### Available data

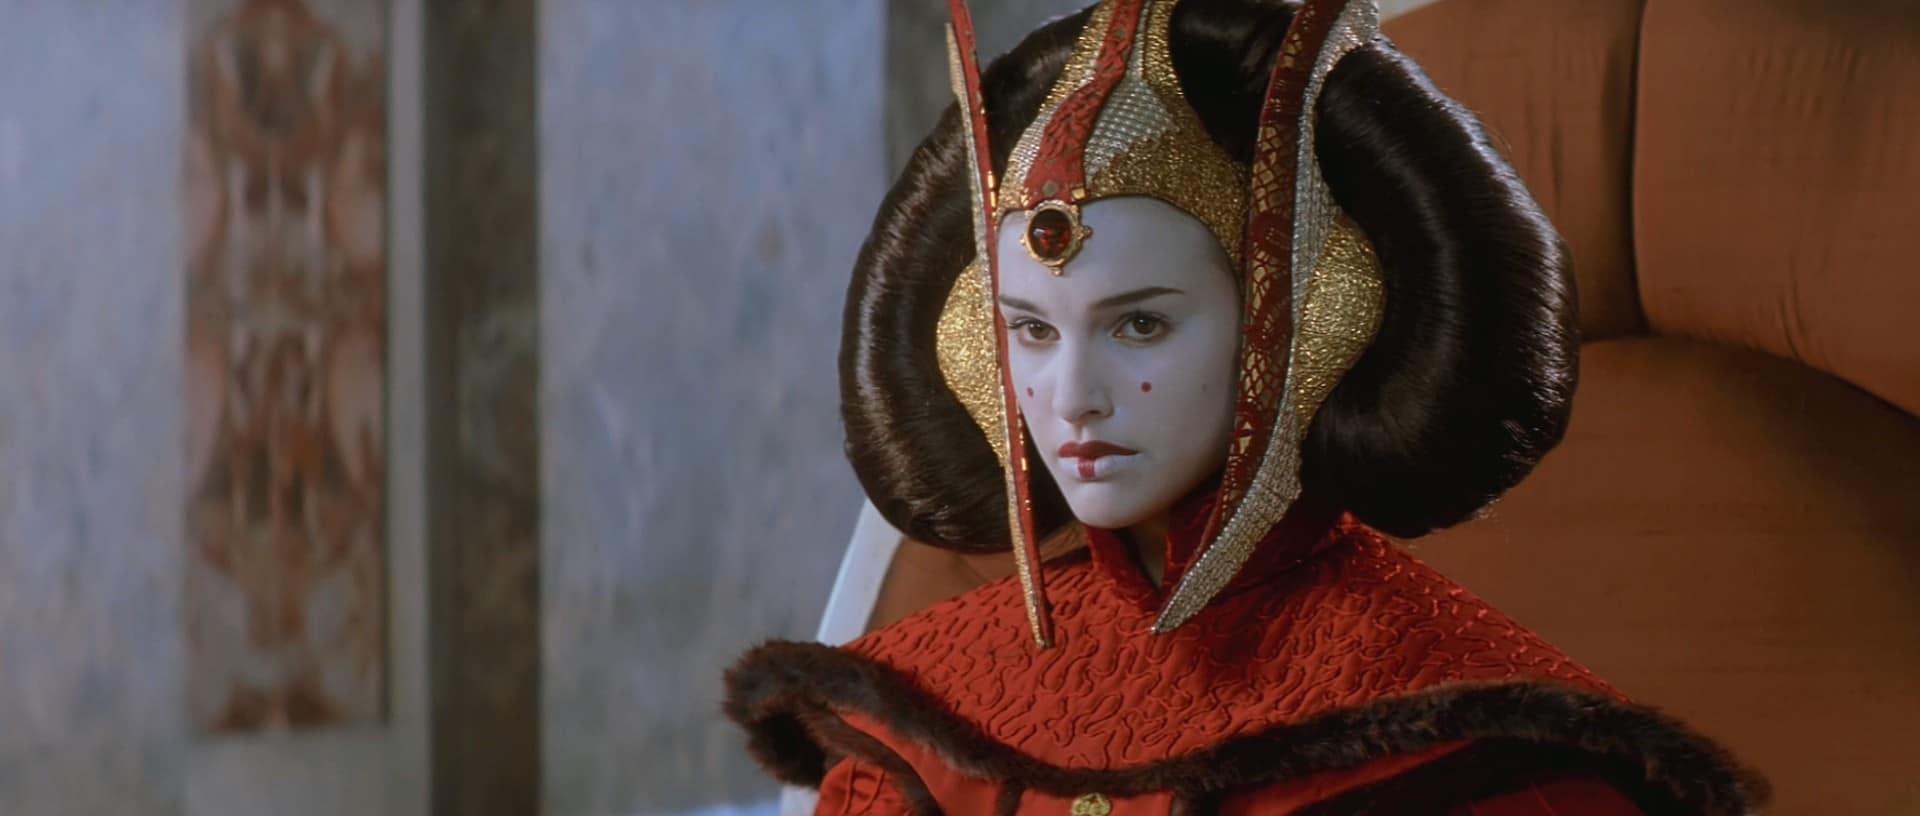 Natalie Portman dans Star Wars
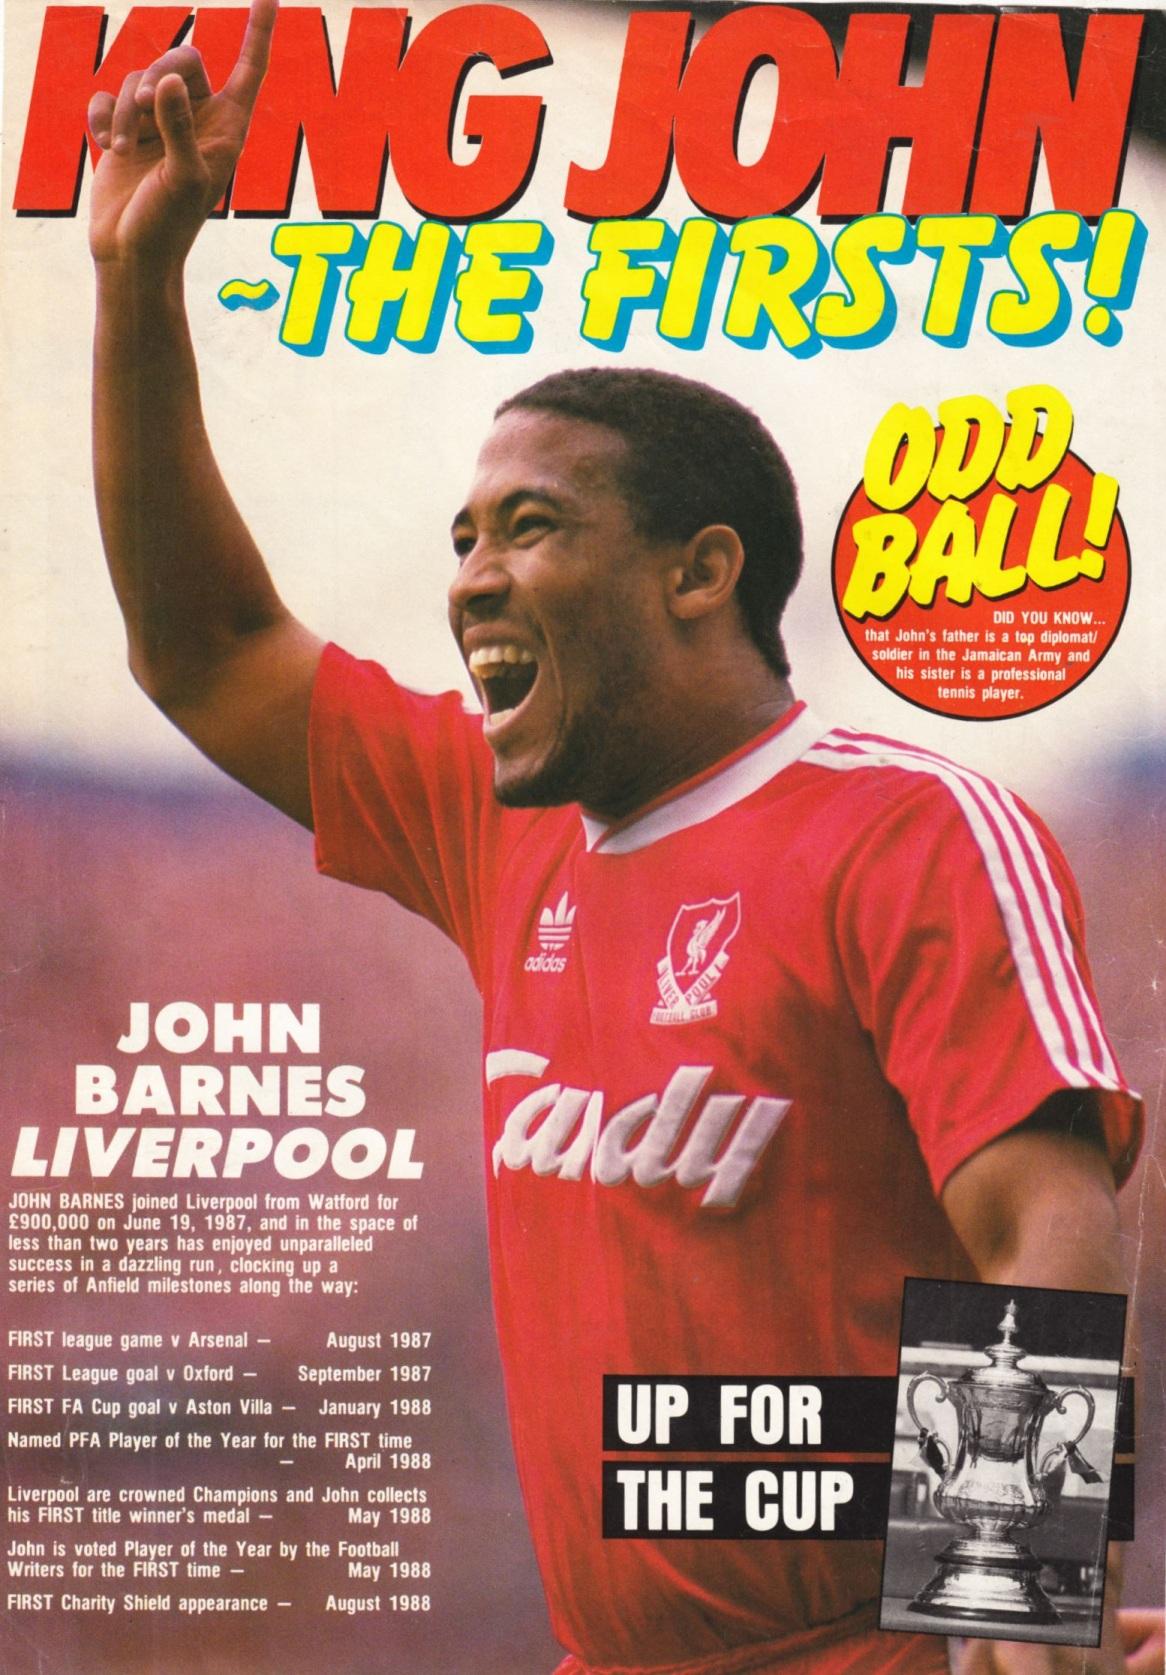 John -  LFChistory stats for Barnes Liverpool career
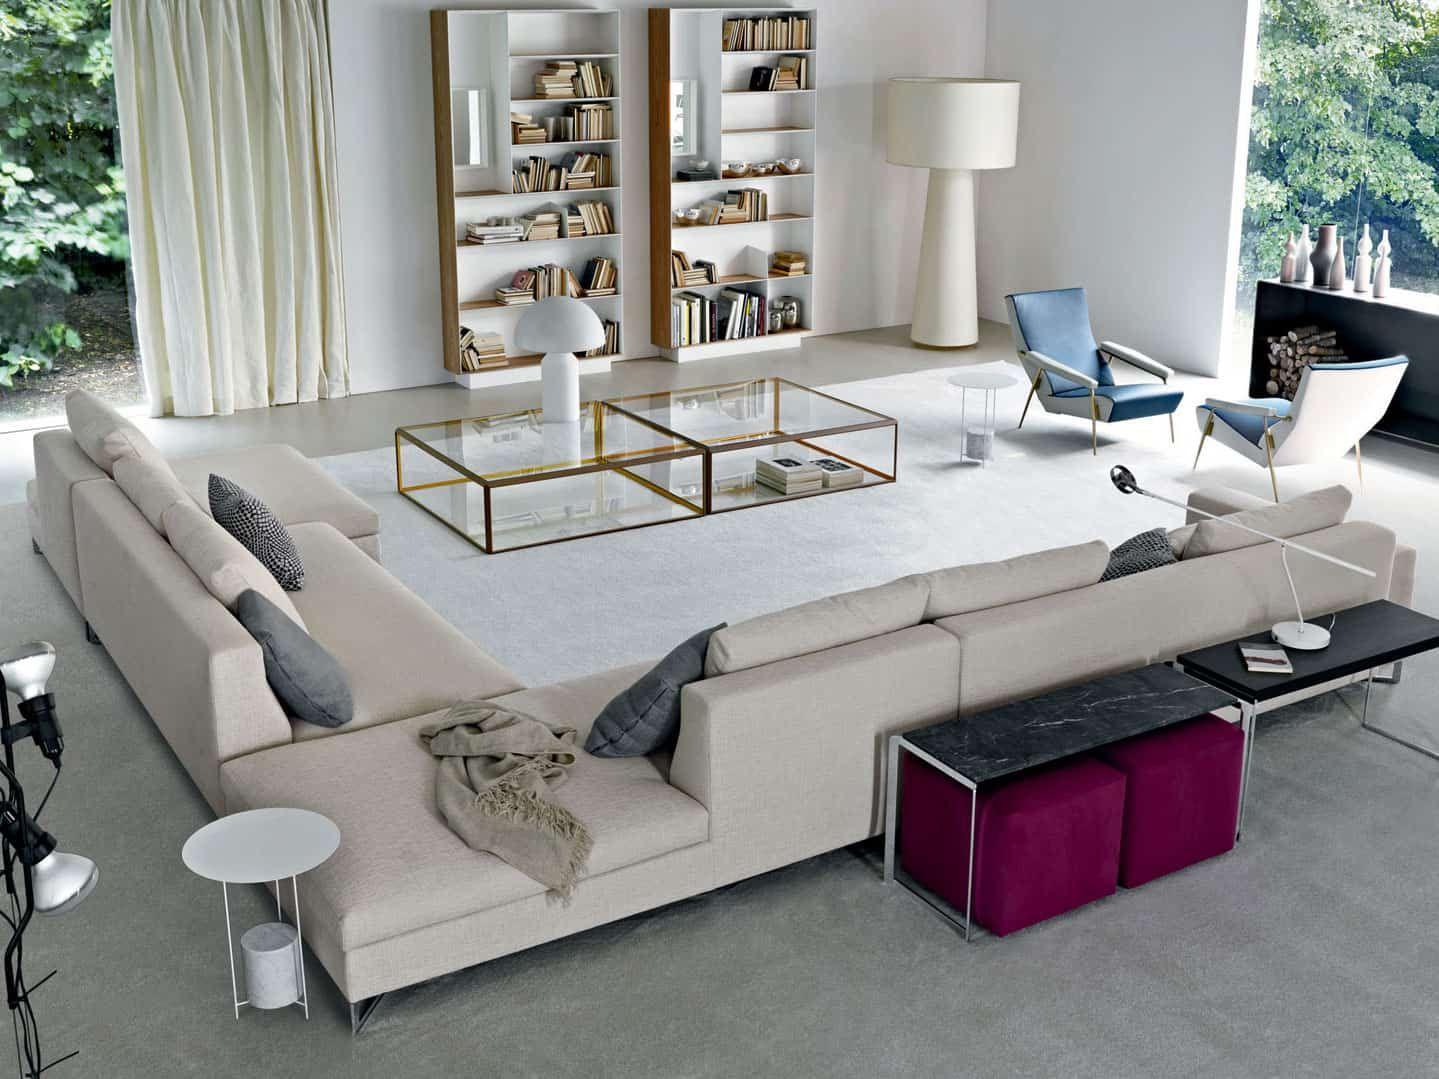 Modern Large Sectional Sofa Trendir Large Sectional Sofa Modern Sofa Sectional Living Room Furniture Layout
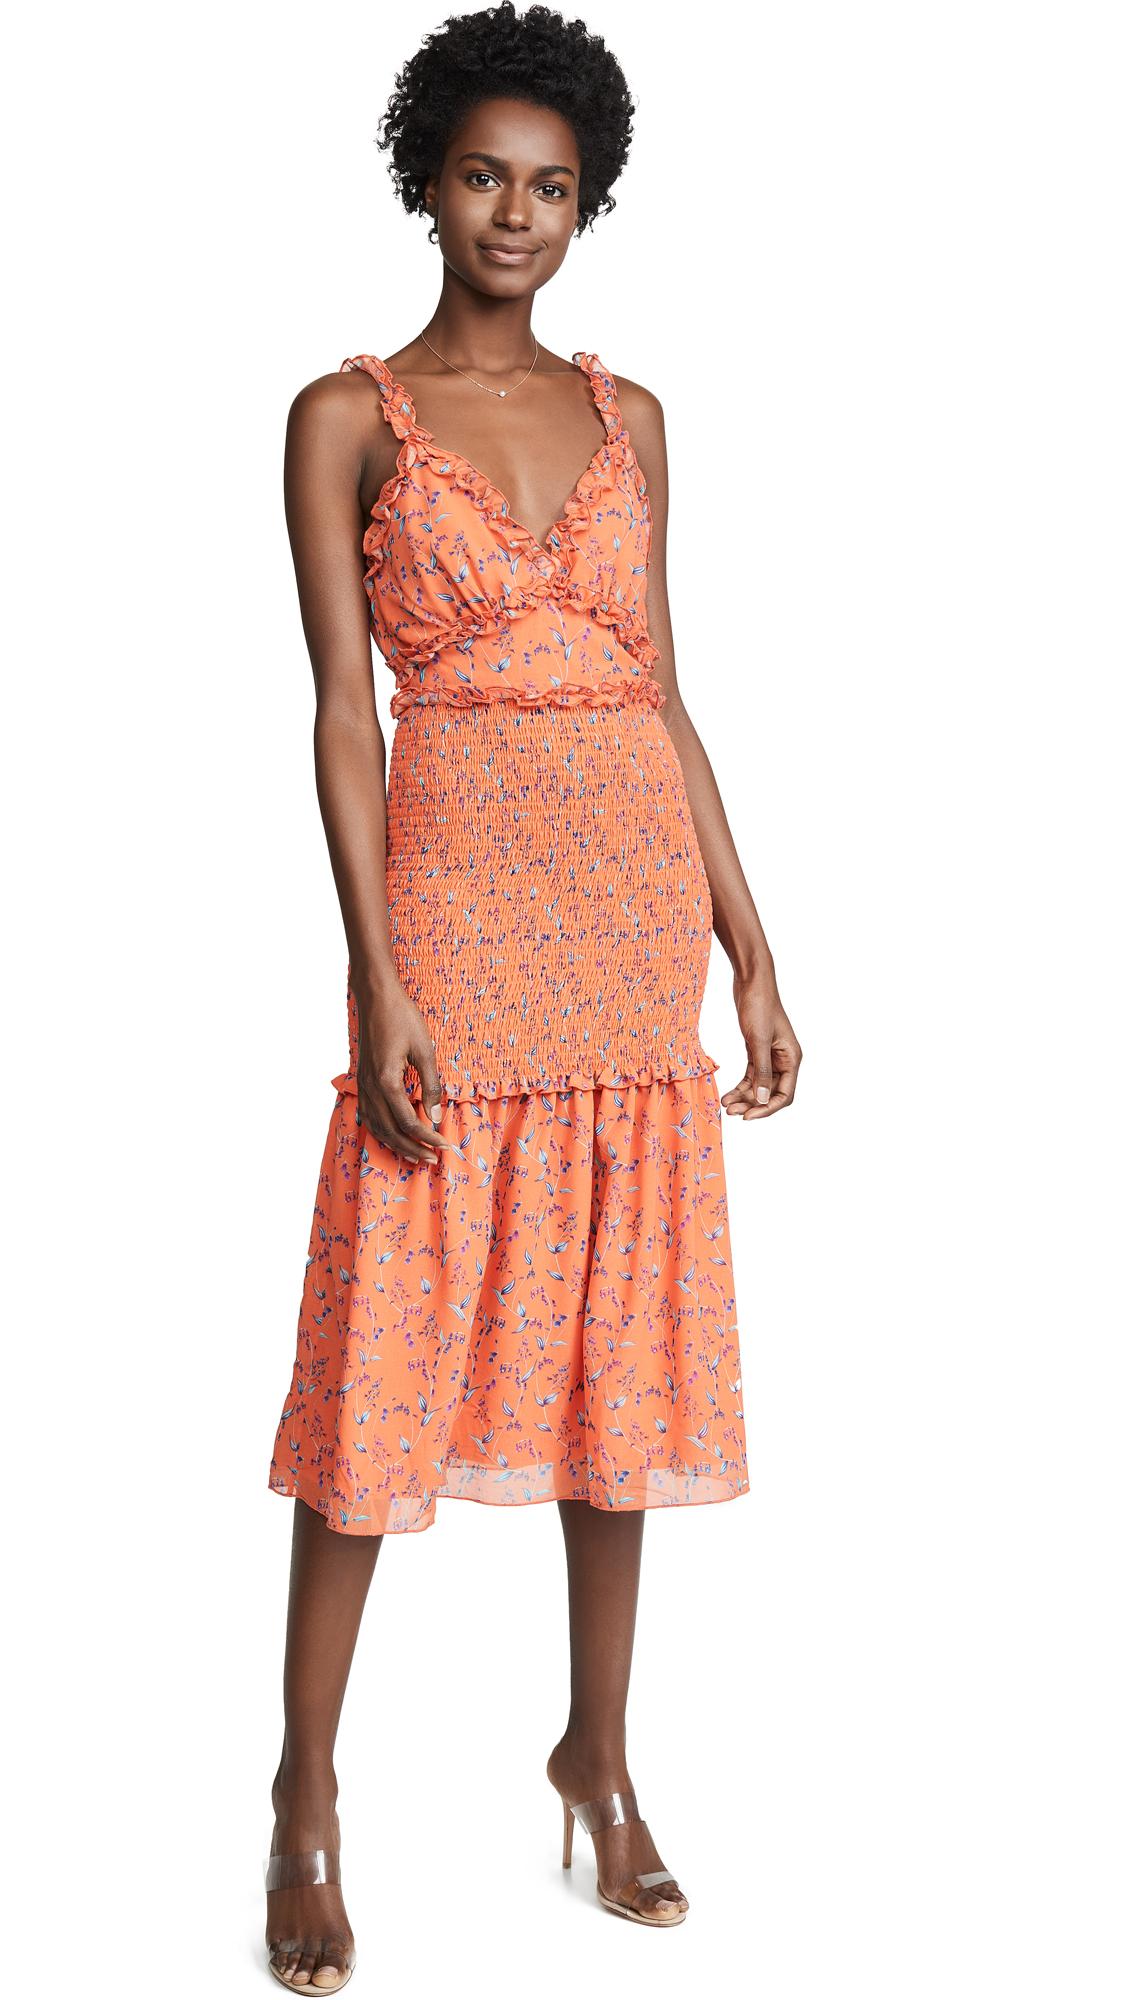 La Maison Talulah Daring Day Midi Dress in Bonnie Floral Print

### Work task
Return the whole listing word for word. Pictures stay out of it.

### Output of the exercise
 Natalie Portman dans Star Wars
 John -  LFChistory stats for Barnes Liverpool career
 Modern Large Sectional Sofa Trendir Large Sectional Sofa Modern Sofa Sectional Living Room Furniture Layout
 La Maison Talulah Daring Day Midi Dress in Bonnie Floral Print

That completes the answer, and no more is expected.